WHAT YOU SHOULD DO:
Extract the full listing verbatim and drop any pictures from your copy.

COLLECTED DATA:
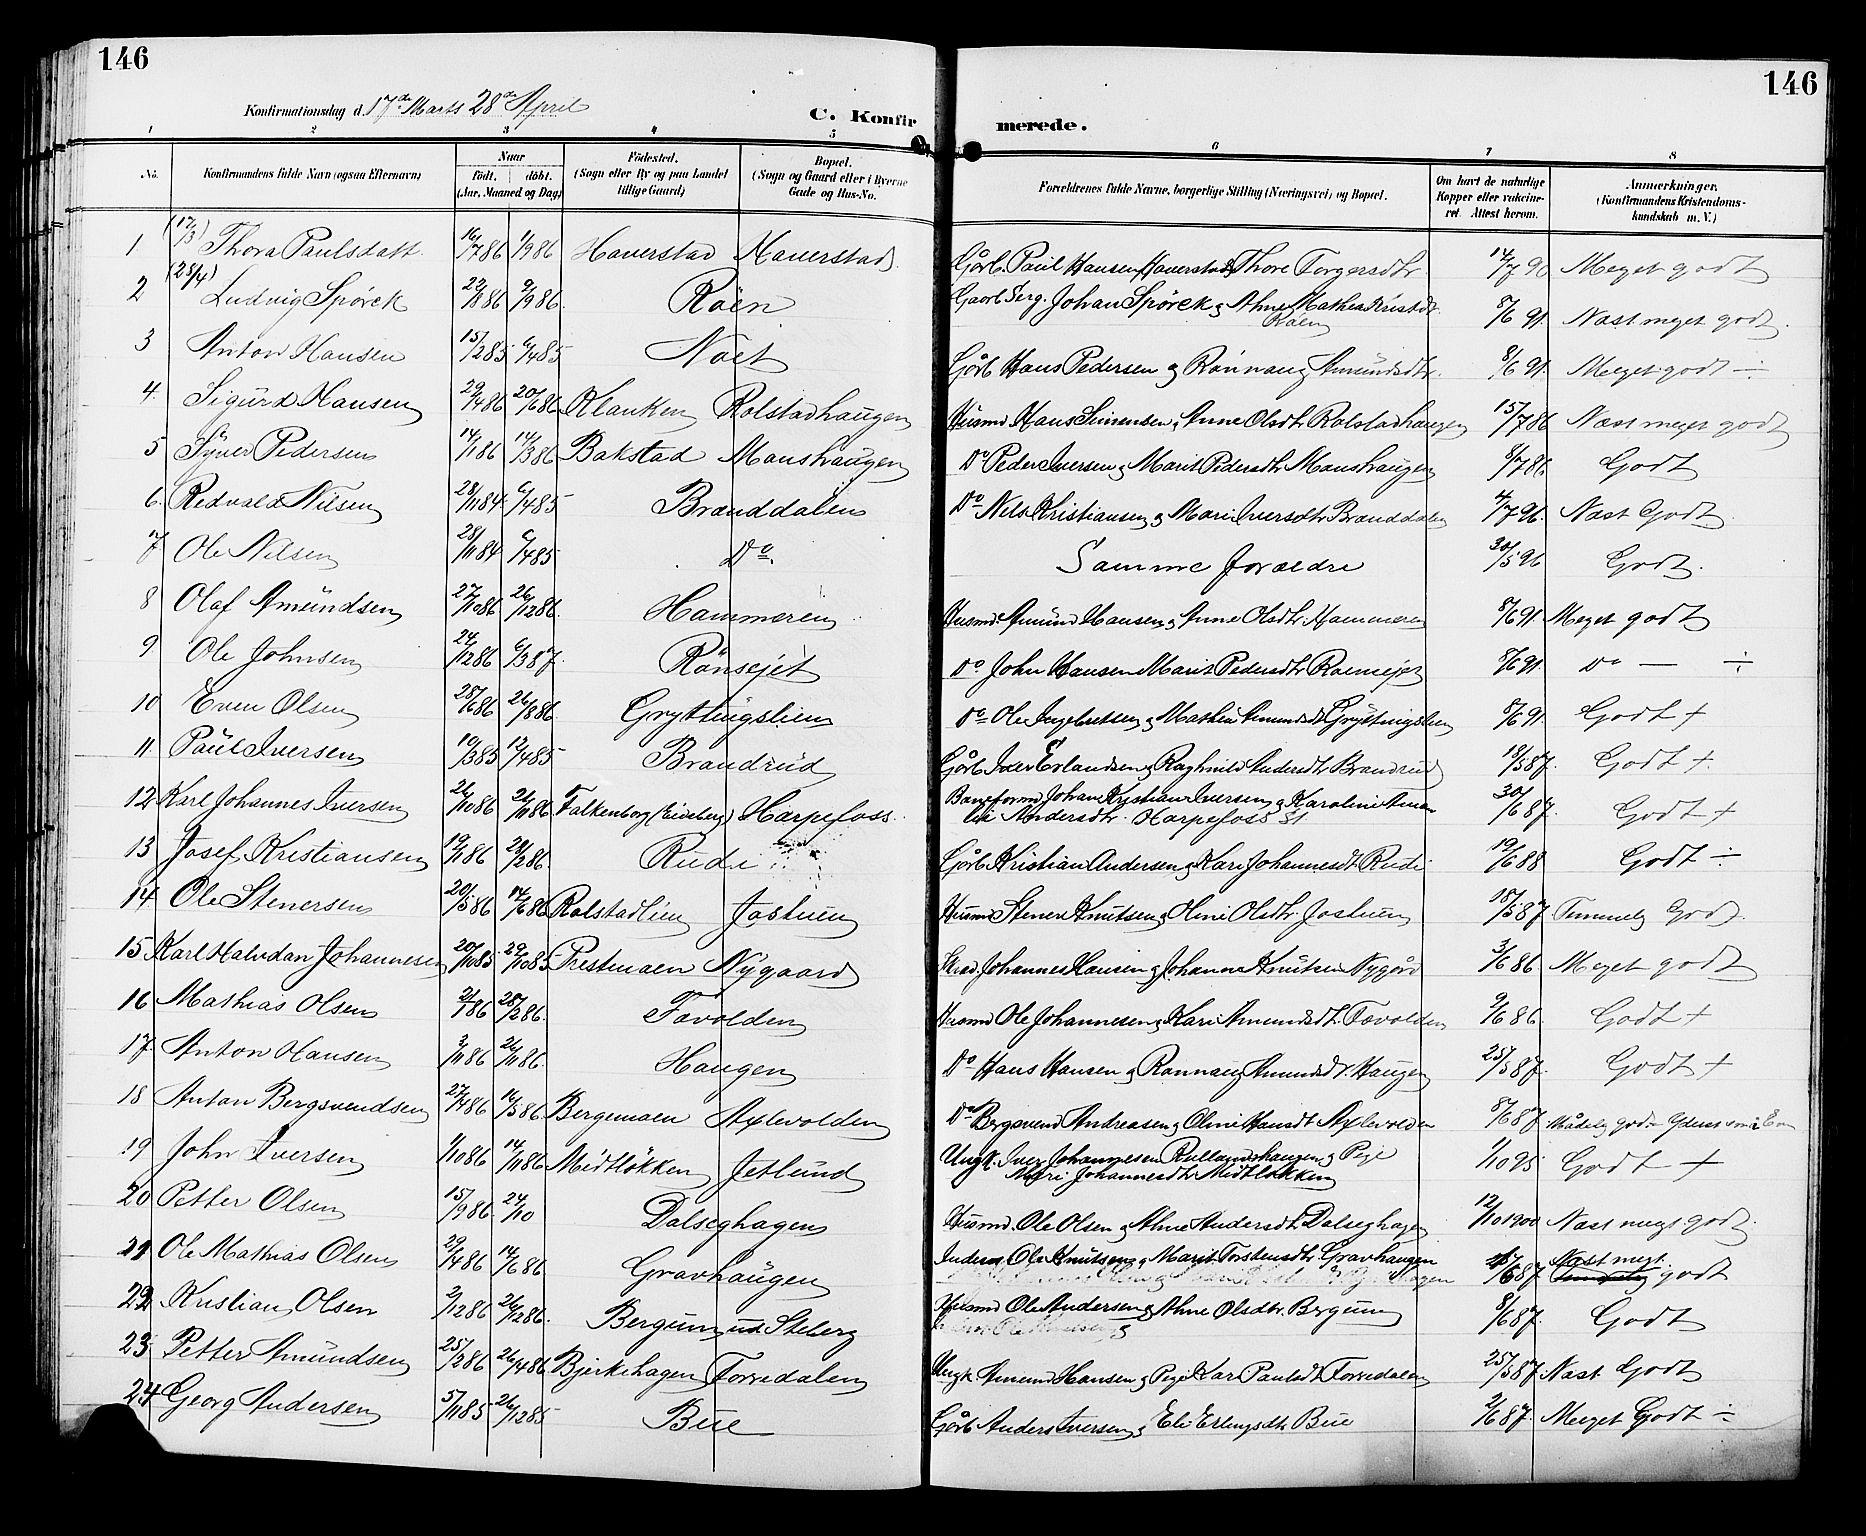 SAH, Sør-Fron prestekontor, H/Ha/Hab/L0004: Klokkerbok nr. 4, 1896-1911, s. 146
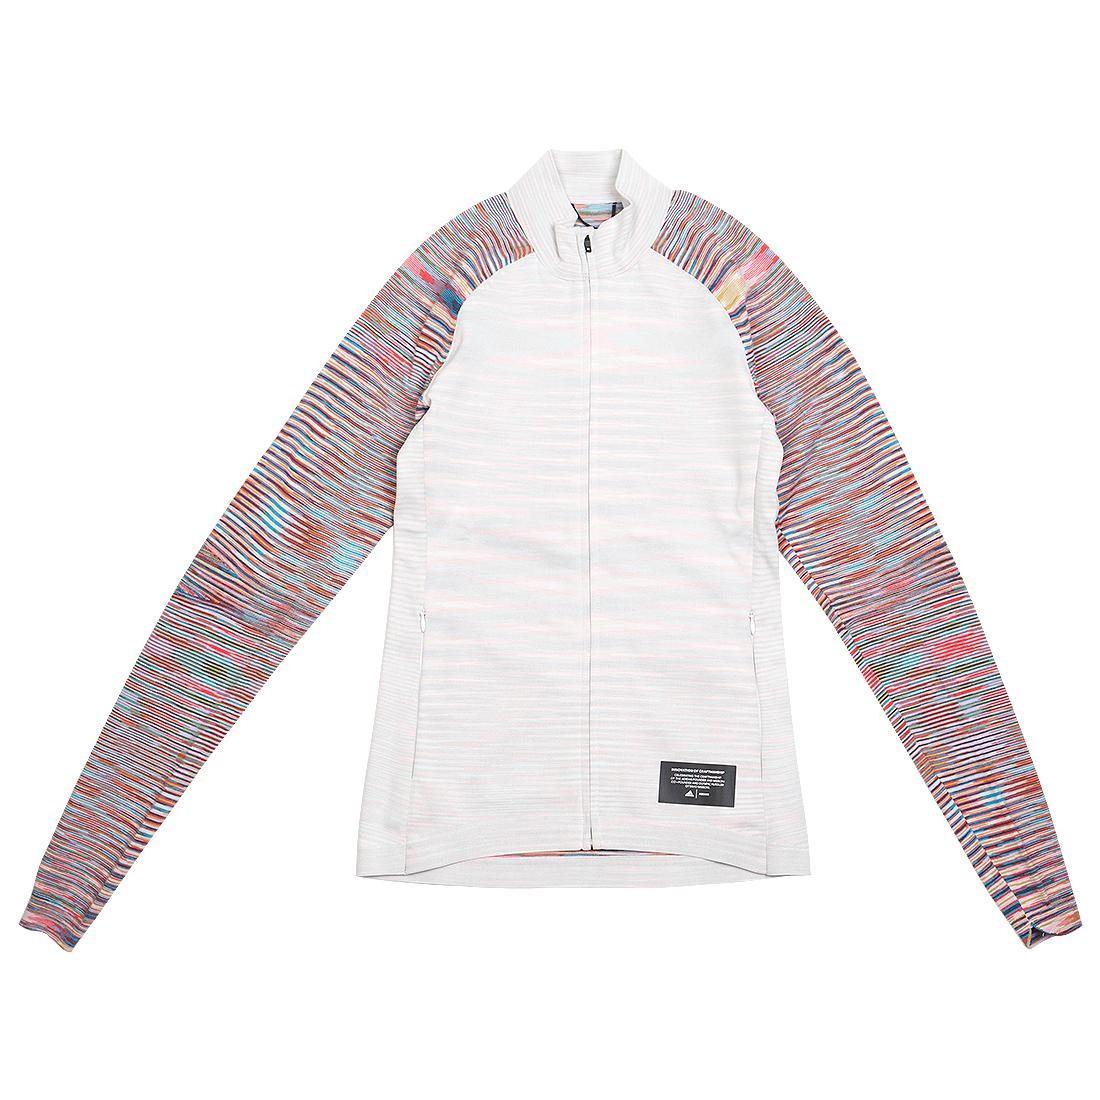 Adidas x Missoni Women PHX Jacket (multi)
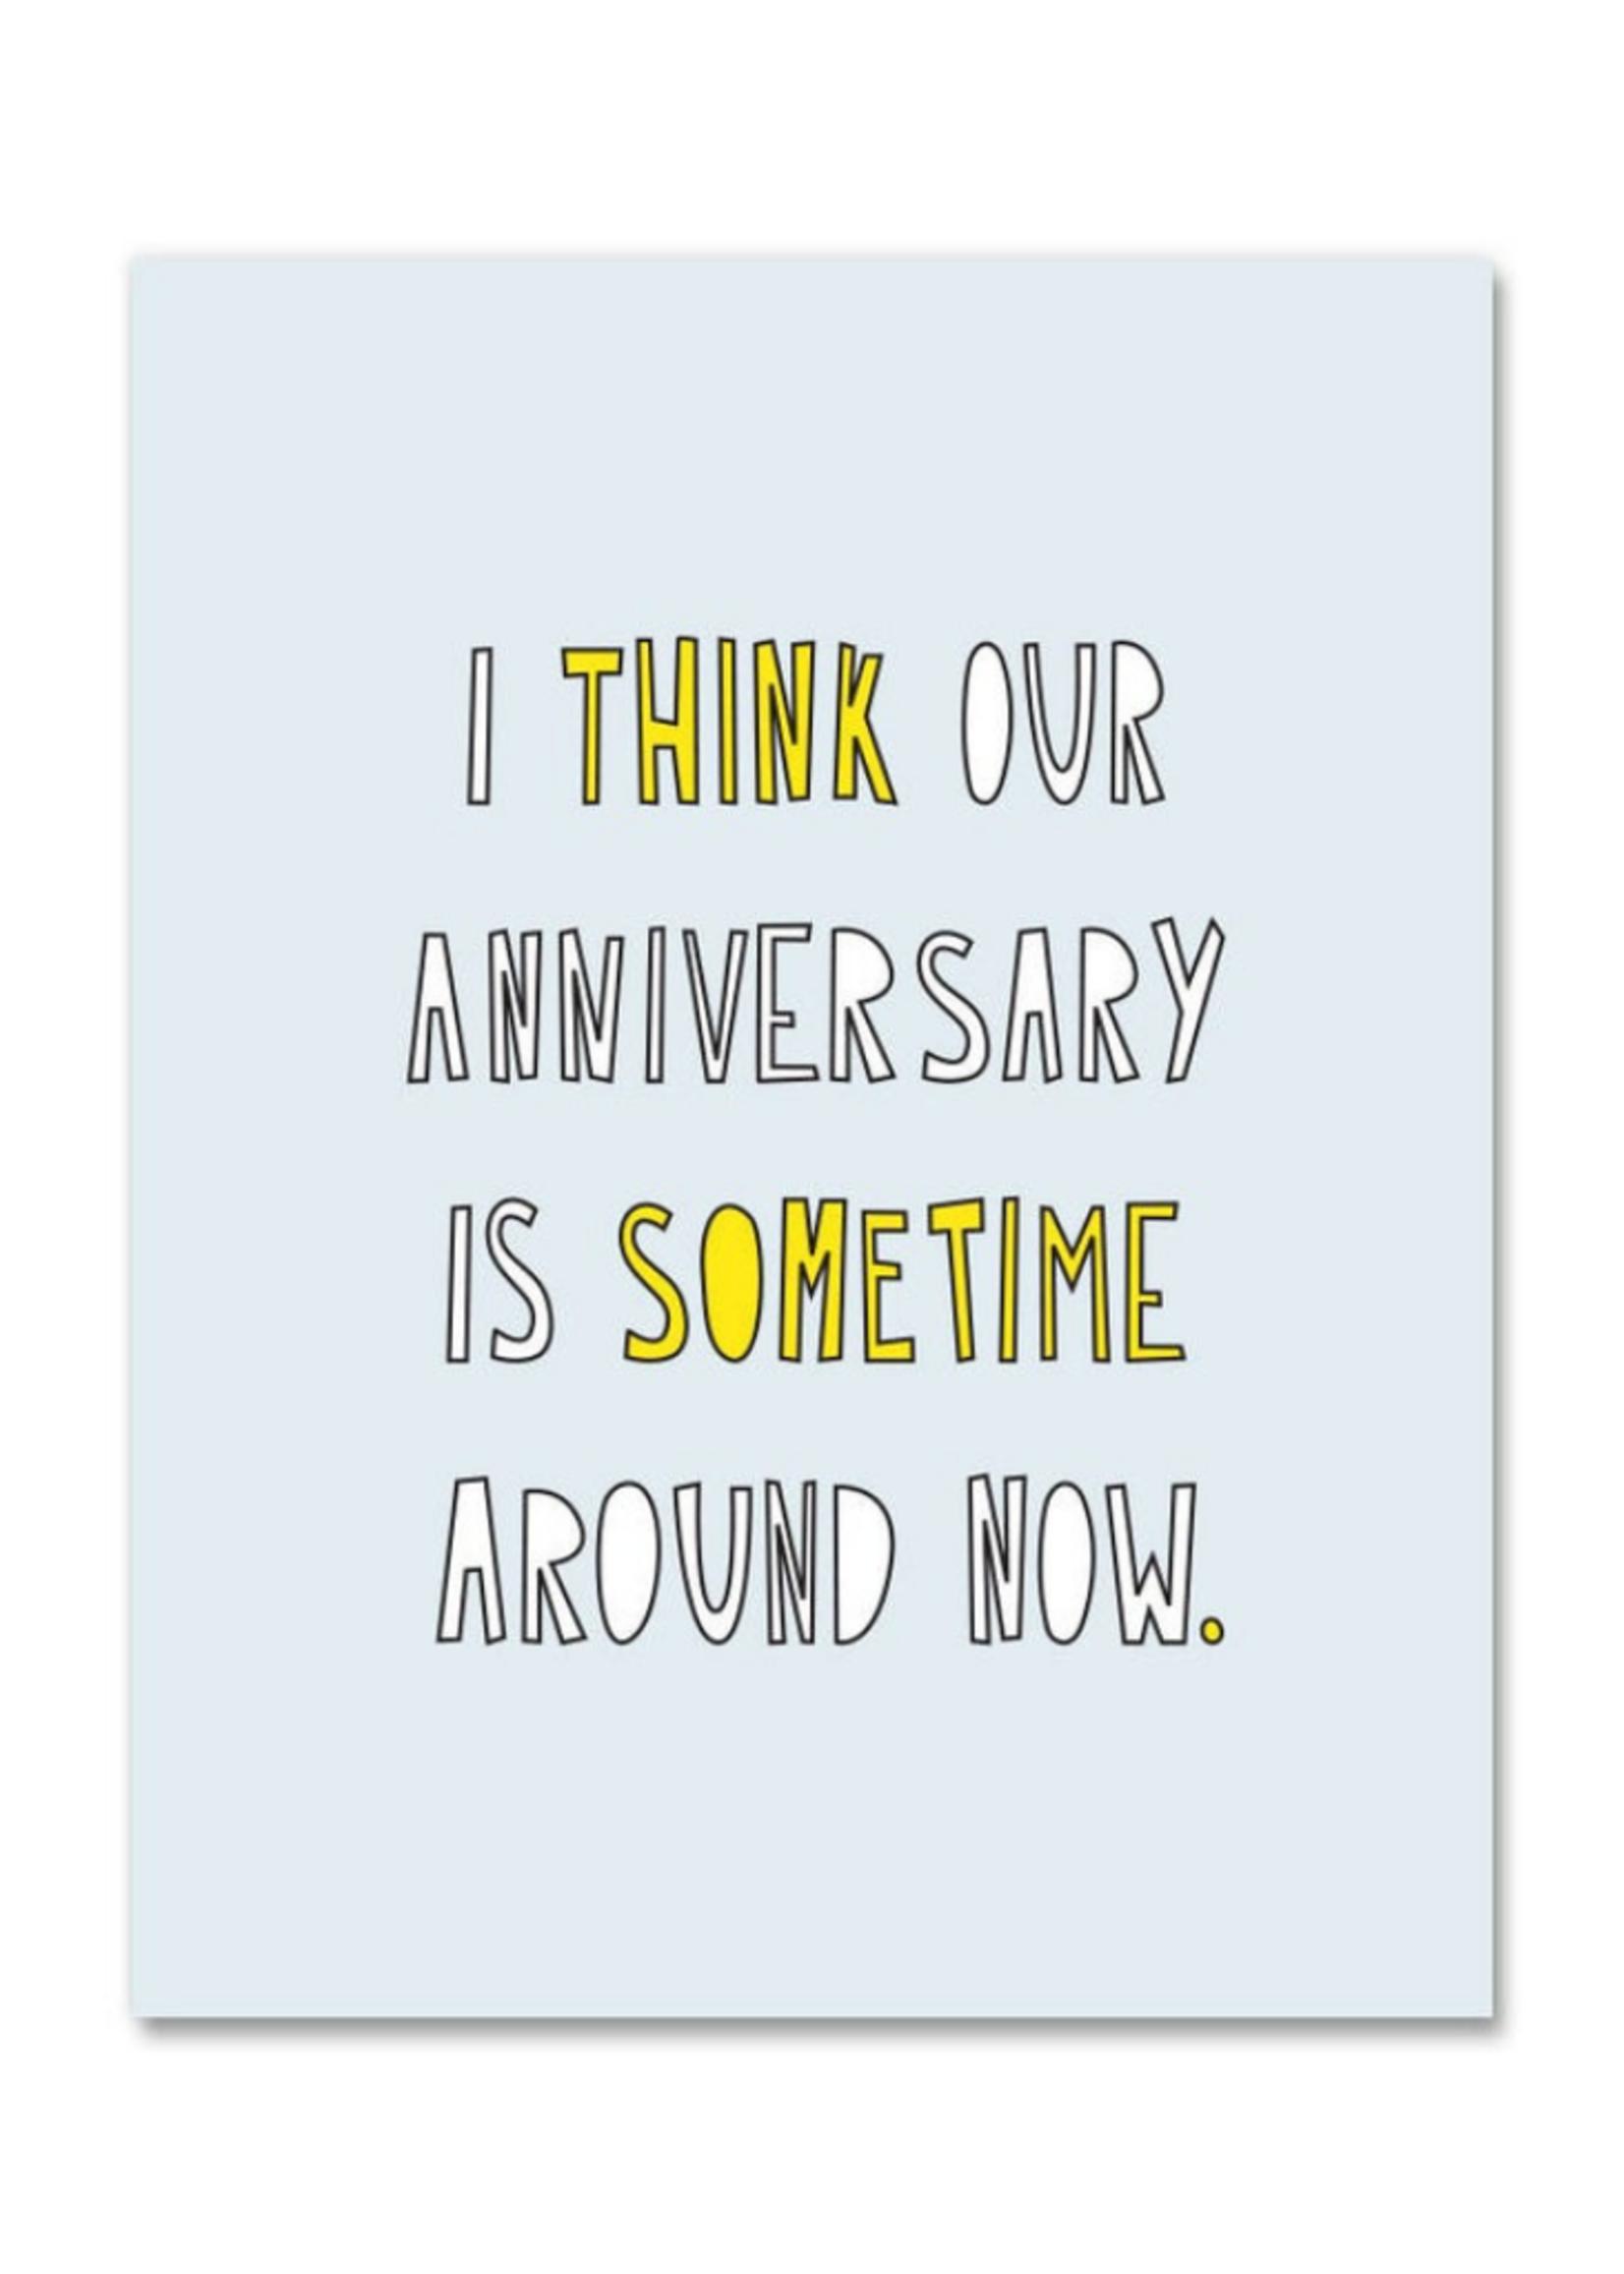 Near Modern Disaster Sometime Around Now Anniversary Card

ANSWER TO THE PROBLEM:
 SAH, Sør-Fron prestekontor, H/Ha/Hab/L0004: Klokkerbok nr. 4, 1896-1911, s. 146
 Adidas x Missoni Women PHX Jacket (multi)
 Near Modern Disaster Sometime Around Now Anniversary Card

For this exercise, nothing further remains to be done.